Developing new components using the Component Kit framework includes:

  1. Creating a project using the starter or the Talend IntelliJ plugin. This step allows to build the skeleton of the project. It consists in:

    1. Defining the general configuration model for each component in your project.

    2. Generating and downloading the project archive from the starter.

    3. Compiling the project.

  2. Importing the compiled project in your IDE. This step is not required if you have generated the project using the IntelliJ plugin.

  3. Implementing the components, including:

    1. Registering the components by specifying their metadata: family, categories, version, icon, type and name.

    2. Defining the layout and configurable part of the components.

    3. Defining the execution logic of the components, also called runtime.

  4. Testing the components.

  5. Deploying the components to Talend Studio or Cloud applications.

Optionally, you can use services. Services are predefined or user-defined configurations that can be reused in several components.

Methodology

Component types

There are four types of components, each type coming with its specificities, especially on the runtime side.

  • Input components: Retrieve the data to process from a defined source. An input component is made of:

    • The execution logic of the component, represented by a Mapper or an Emitter class.

    • The source logic of the component, represented by a Source class.

    • The layout of the component and the configuration that the end-user will need to provide when using the component, defined by a Configuration class. All input components must have a dataset specified in their configuration, and every dataset must use a datastore.

  • Processors: Process and transform the data. A processor is made of:

    • The execution logic of the component, describing how to process each records or batches of records it receives. It also describes how to pass records to its output connections. This logic is defined in a Processor class.
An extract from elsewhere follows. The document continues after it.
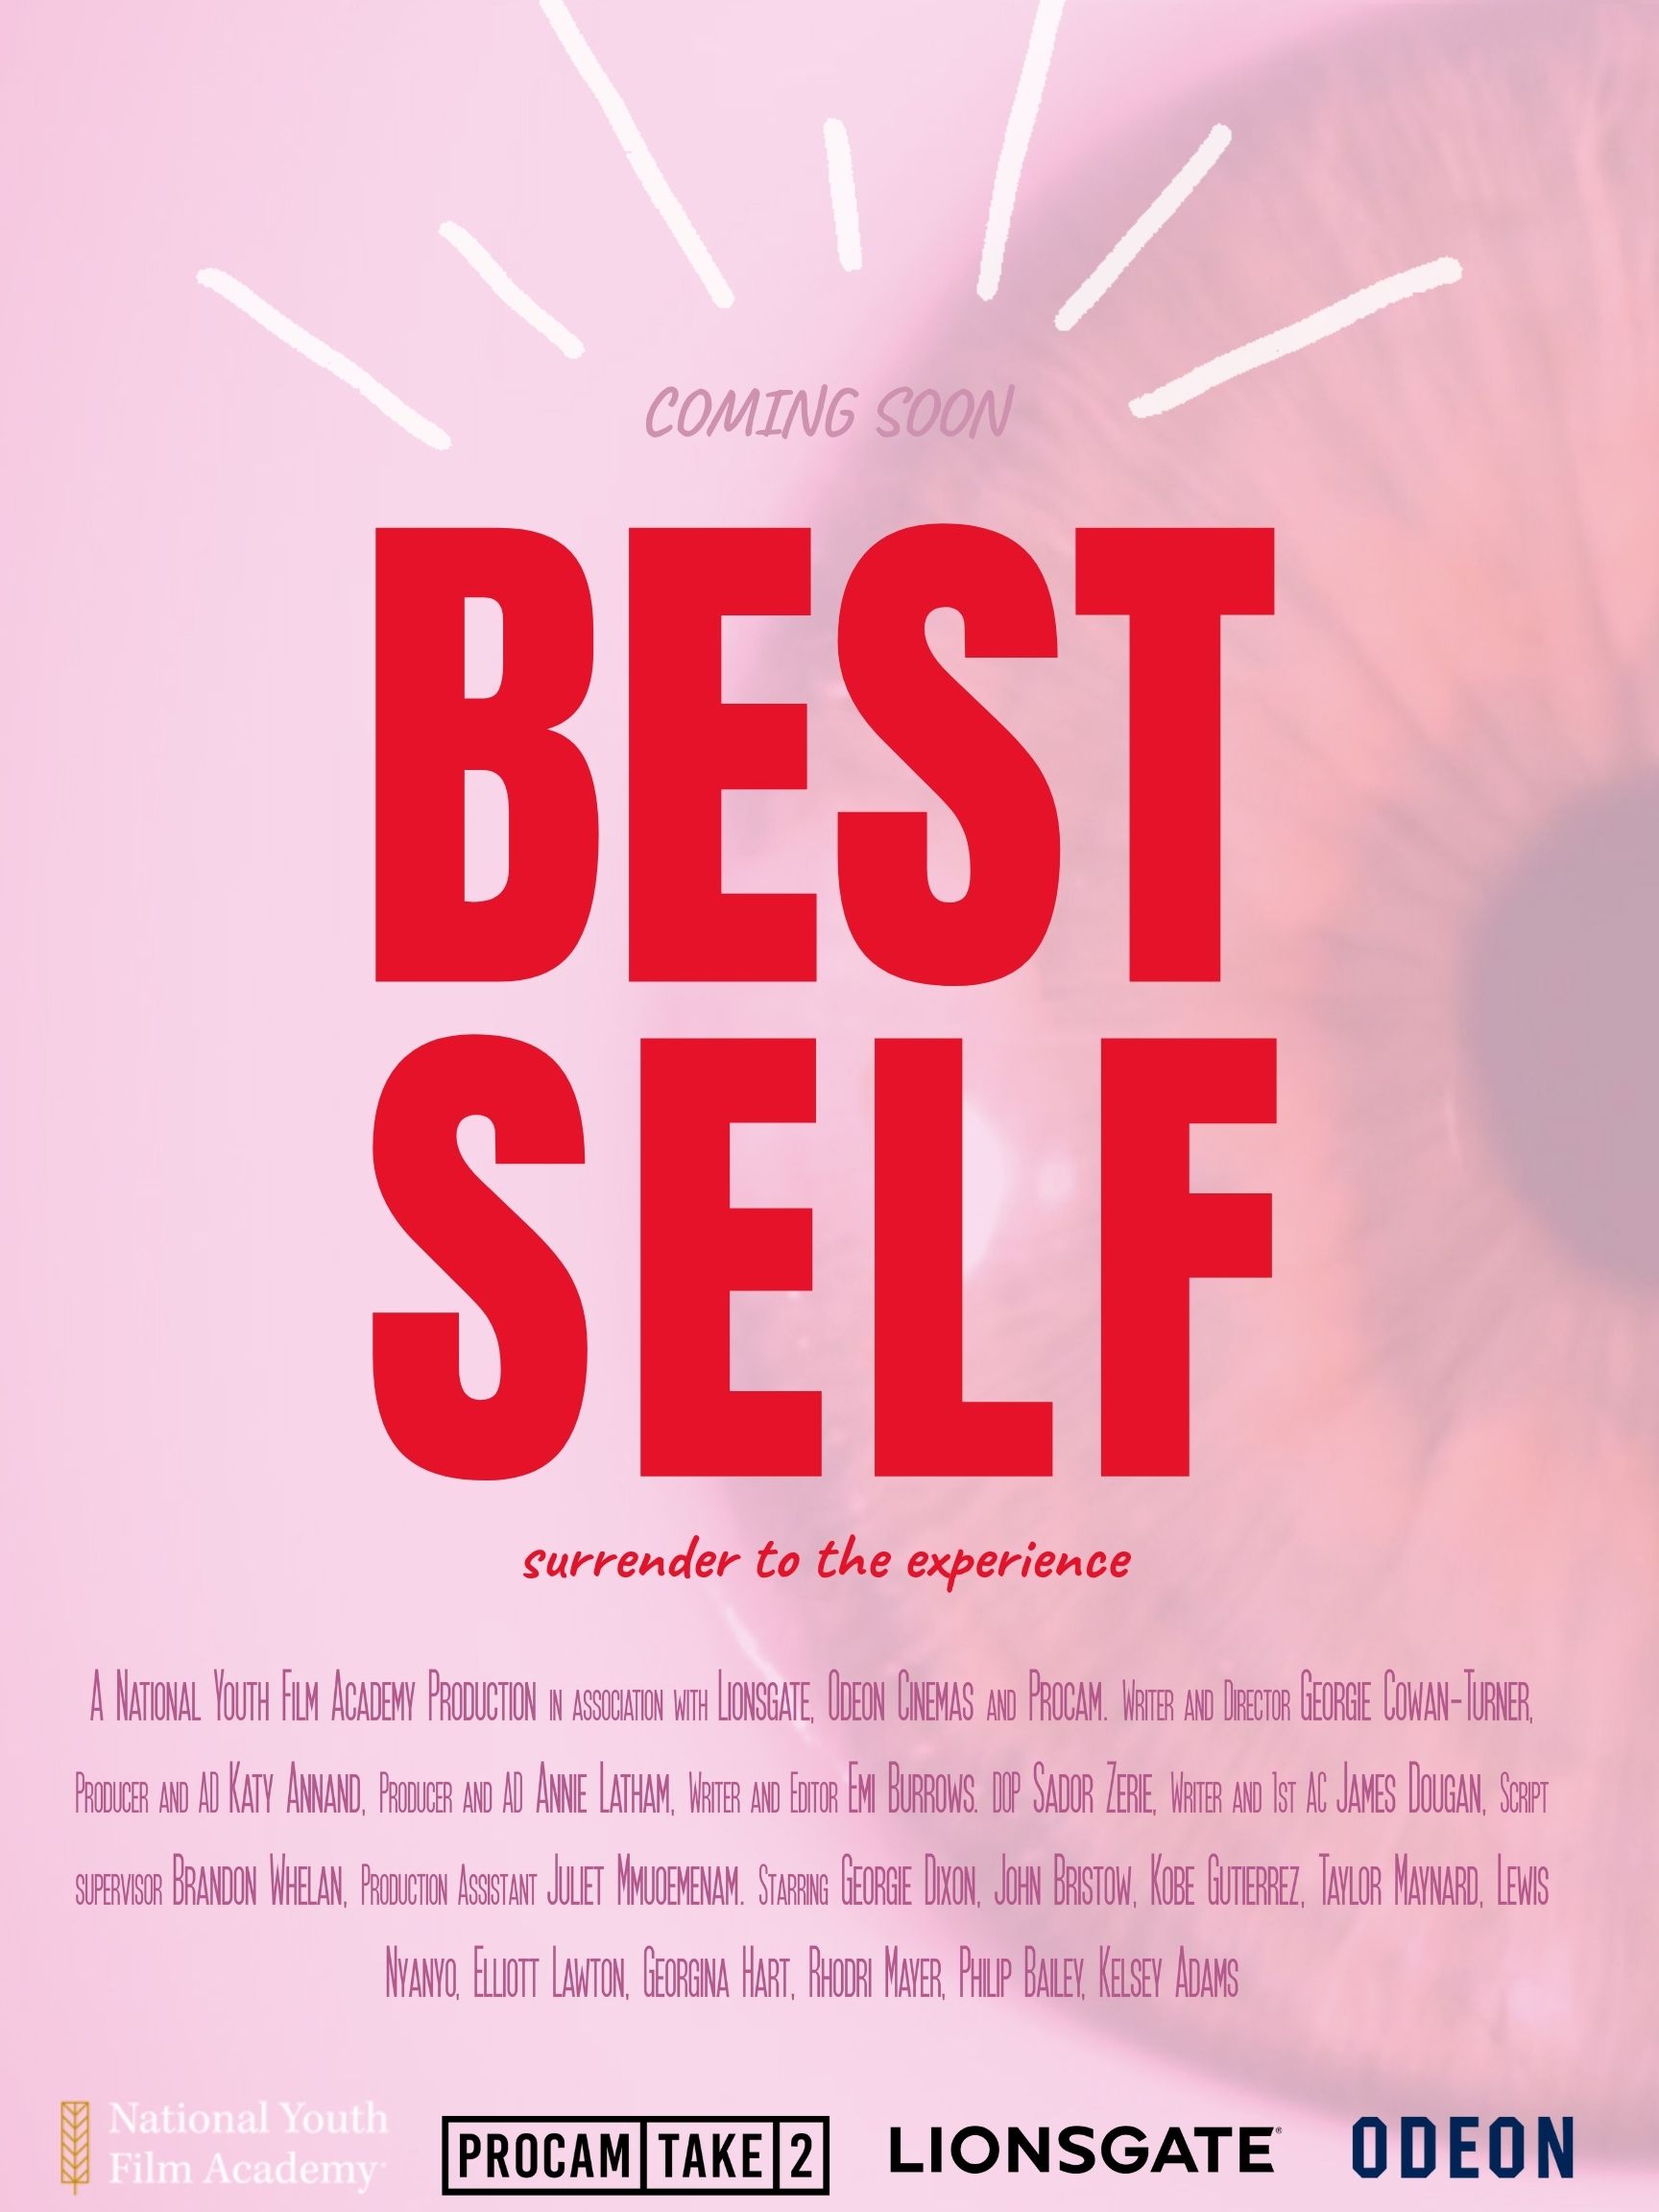 'Best Self' poster

    • The layout of the component and the configuration that the end-user will need to provide when using the component, defined by a Configuration class.
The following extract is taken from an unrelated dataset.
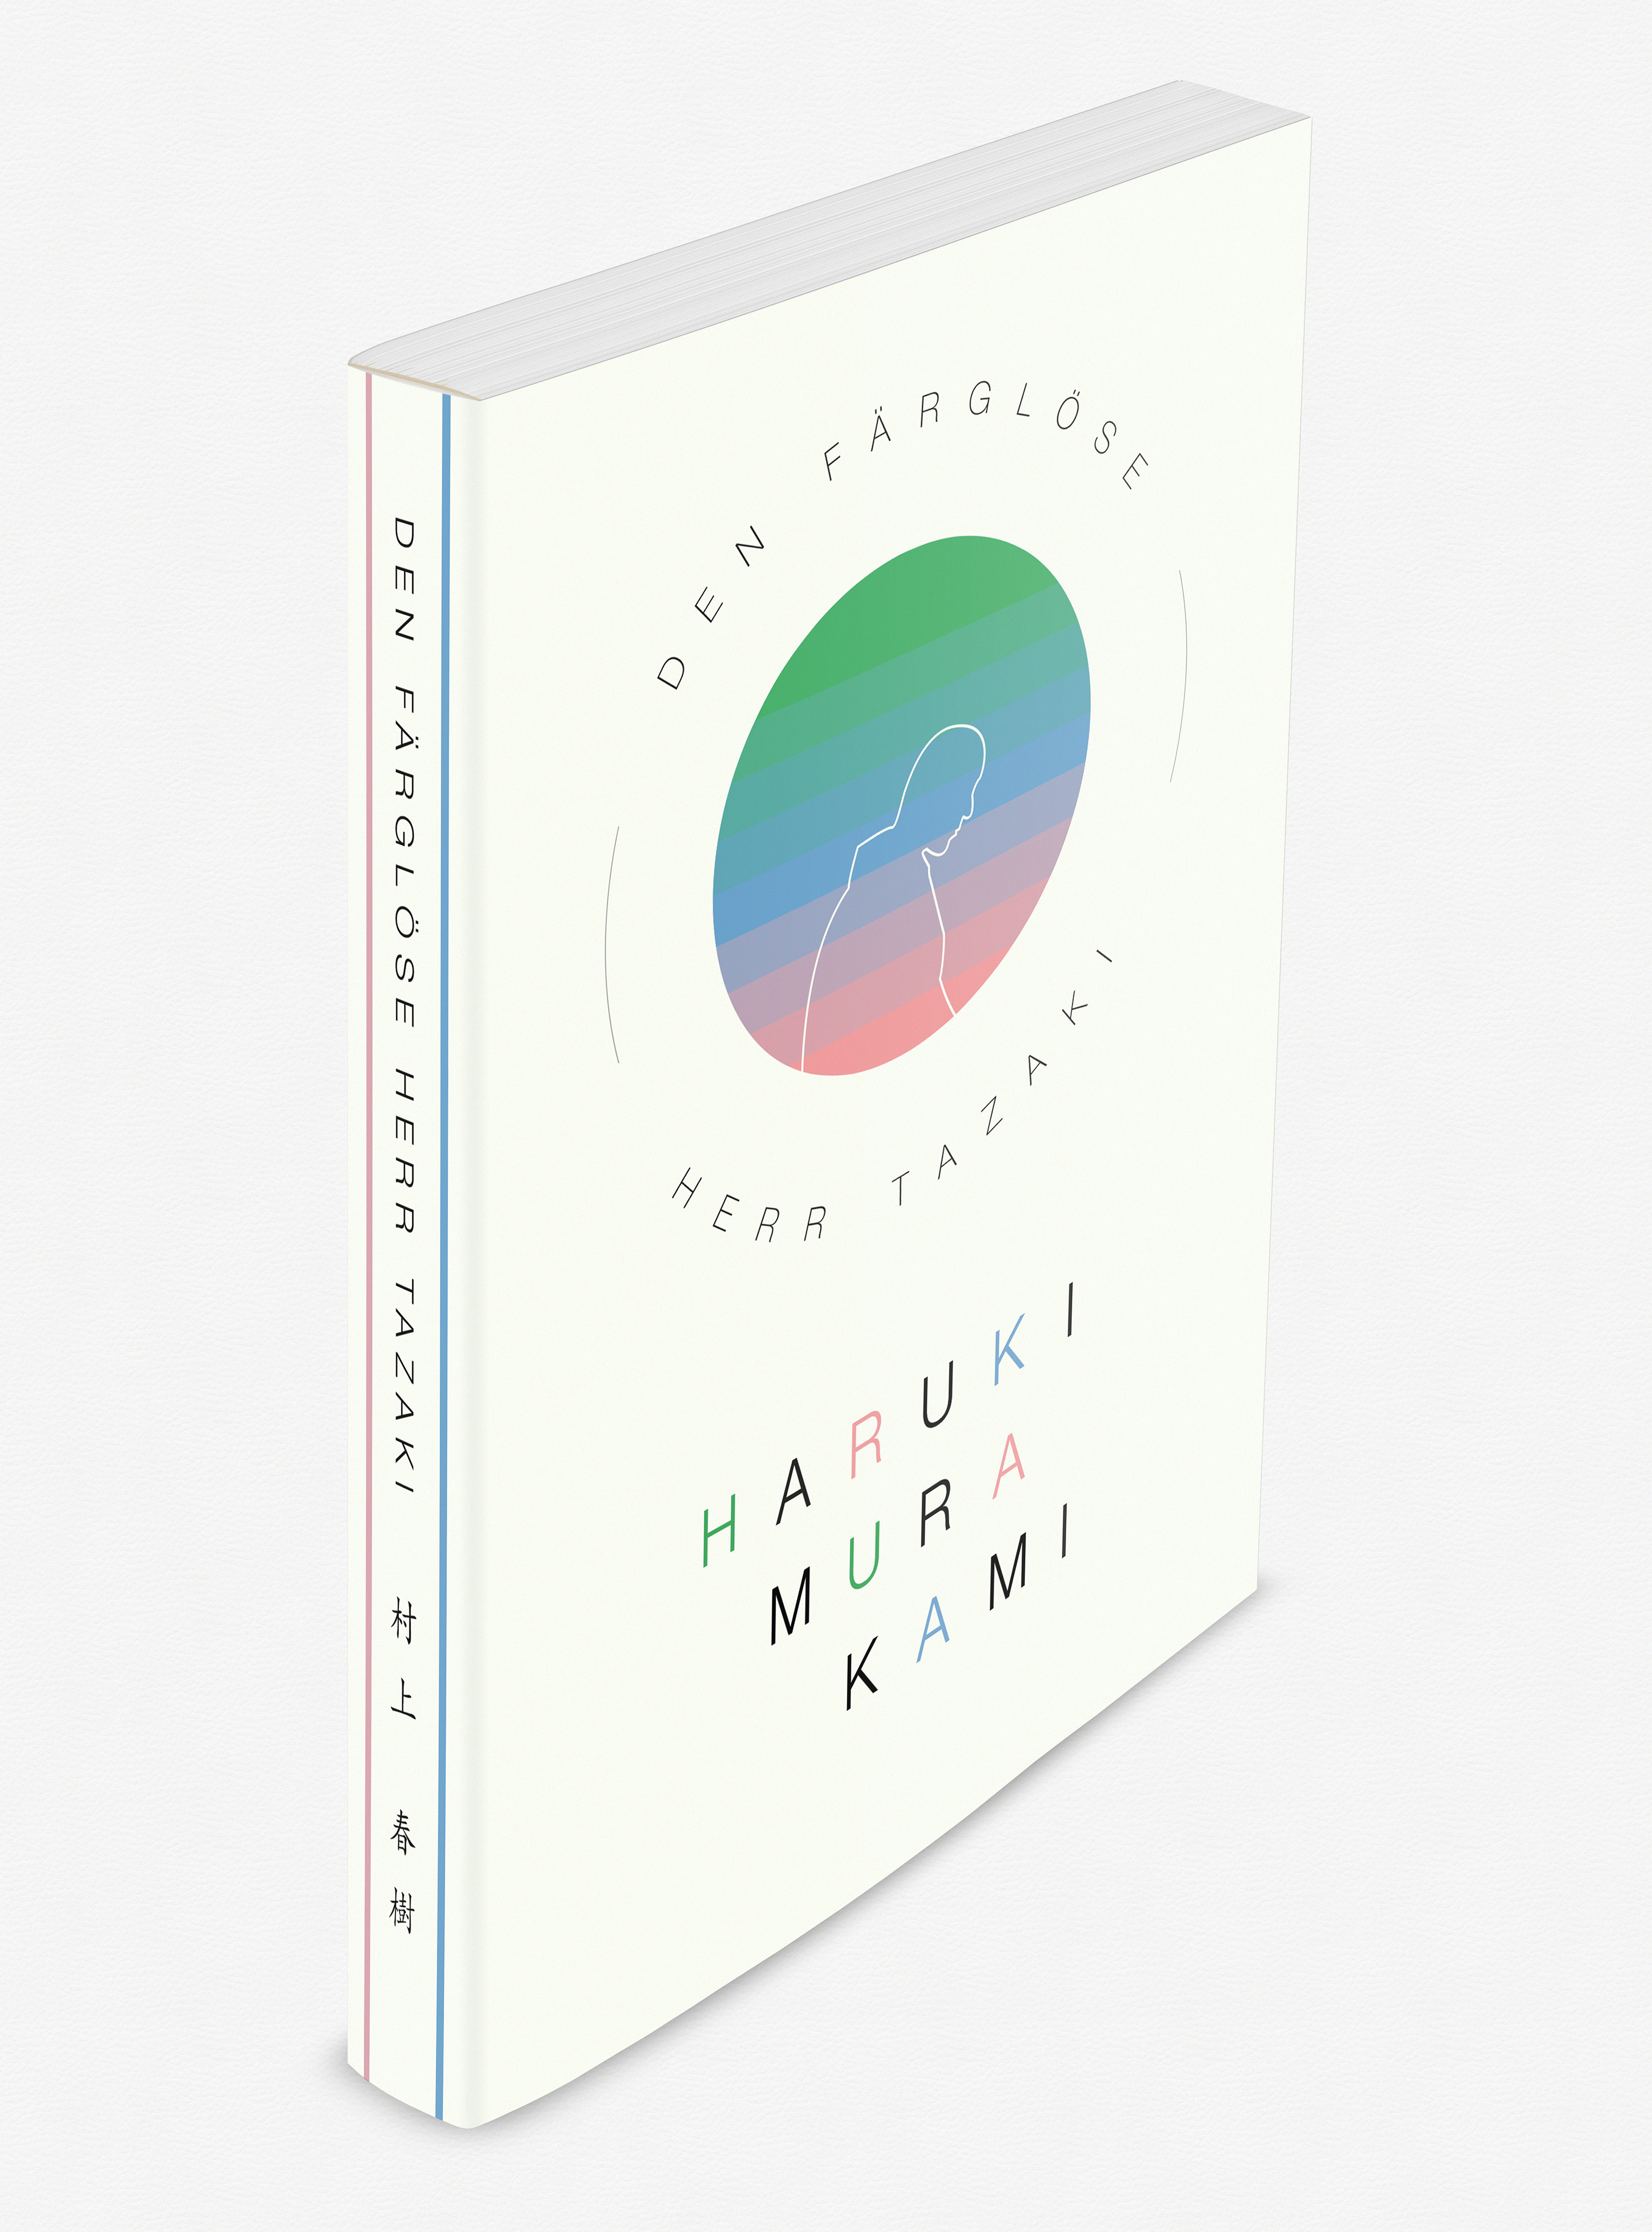 Book cover I made for the book Colorless Tsukuru Tazaki and His Years of Pilgrimage by Haruki Murakami.

  • Output components: Send the processed data to a defined destination. An output component is made of:

    • The execution logic of the component, describing how to process each records or batches of records it receives. This logic is defined in an Output class. Unlike processors, output components are the last components of the execution and return no data.

    • The layout of the component and the configuration that the end-user will need to provide when using the component, defined by a Configuration class. All input components must have a dataset specified in their configuration, and every dataset must use a datastore.

  • Standalone components: Make a call to the service or run a query on the database. A standalone component is made of:

    • The execution logic of the component, represented by a DriverRunner class.

    • The layout of the component and the configuration that the end-user will need to provide when using the component, defined by a Configuration class. All input components must have a datastore or dataset specified in their configuration, and every dataset must use a datastore.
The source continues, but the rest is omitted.